Total construction spending decreased by 0.4 percent in December, yet industry job openings at the end of the month set a new high for December, according to an assessment the Associated General Contractors of America conducted Feb. 1 of two new federal data sets. Association officials said the jobs data signals that the slowdown in construction spending may have been more about changes in weather than demand.
“The record number of job openings in construction compared to previous Decembers suggests contractors are bullish about their backlogs despite a dip in spending in December,” said Ken Simonson, the association’s chief economist. “Some of the downturn may be due to unusually bad weather rather than a shrinking market.”
Construction spending, not adjusted for inflation, totaled $1.810 trillion at a seasonally adjusted annual rate in December, 0.4 percent below the November rate, which was revised up from the initial estimate a month ago. Spending on private residential construction decreased for the seventh consecutive month in December, by 0.3 percent. Spending on private nonresidential construction fell 0.5 percent in December, while public construction investment declined 0.4 percent.
A separate government report showed there were 359,000 job openings in construction at the end of the year, a jump of 58,000, or 19 percent, from a year earlier and the highest December total in the 23-year history of the data. Openings exceeded the 217,000 workers hired during the entire month, which suggests contractors wanted to bring on board more than twice as many employees as they were able to find, Simonson added.
Spending varied among large private nonresidential segments. The biggest component, commercial construction—comprising warehouse, retail and farm construction—increased 0.4 percent. Spending on manufacturing plants decreased 2.2 percent. Private power construction rose 0.5 percent.
Public categories were also mixed. The largest public segment, highway and street construction, increased 1.1 percent in December. Spending declined 0.3 percent for education construction. Investment in transportation facilities rose 0.2 percent.
Residential spending shrank due to a 2.3 percent contraction from November in single-family homebuilding. That outweighed increases of 3.2 percent in multifamily construction and 0.7 percent in additions and renovations to owner-occupied houses.

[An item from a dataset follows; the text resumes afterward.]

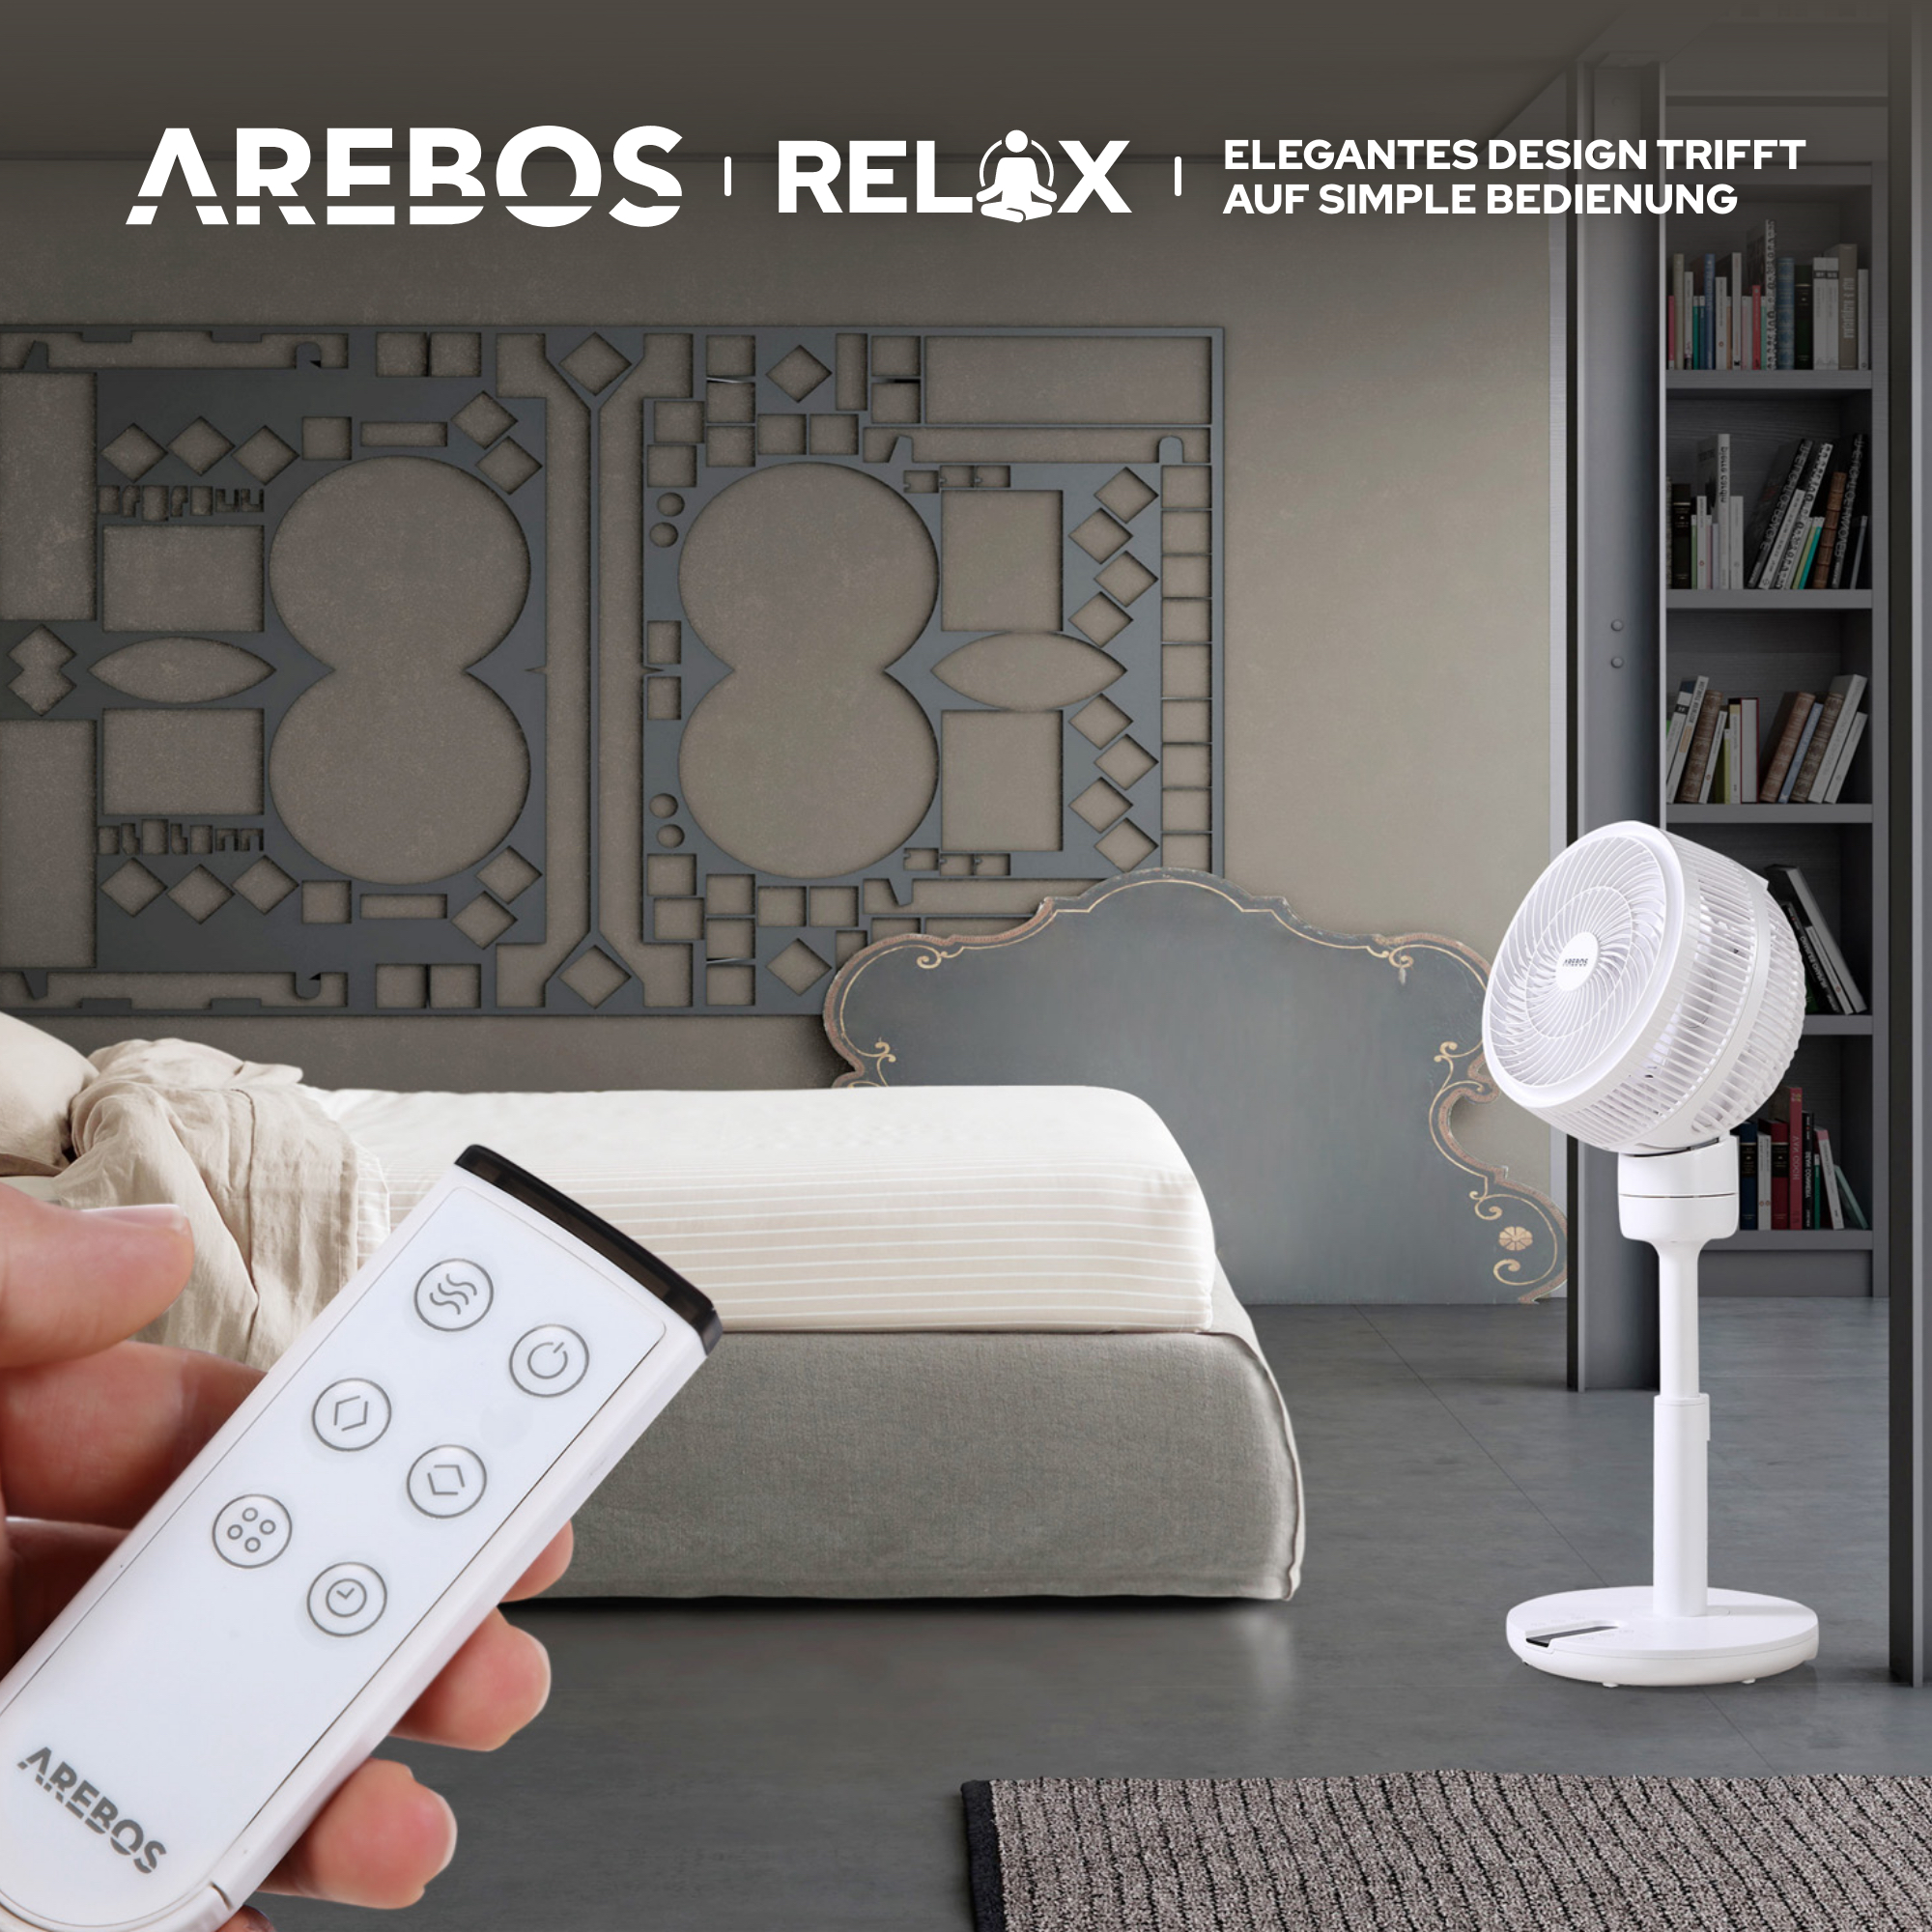 AREBOS weiß 55W Luftzirkulator Bodenventilator Watt) Fernbedienung mit (55

Association officials cautioned that labor shortages and regulatory delays on federally funded projects pose a risk for contractors in 2023. They urged the Biden administration and Congress to clarify new Buy America and registered apprenticeship requirements included in new federal funding measures. And they continued to push for immigration reform and support for construction training programs to get more people into construction careers.
“Instead of just talking about projects that someday might get built, the President and Congress should take steps to speed project reviews, reduce regulatory delays and enable men and women to pursue high-paying construction careers,” said Stephen E. Sandherr, the association’s chief executive officer.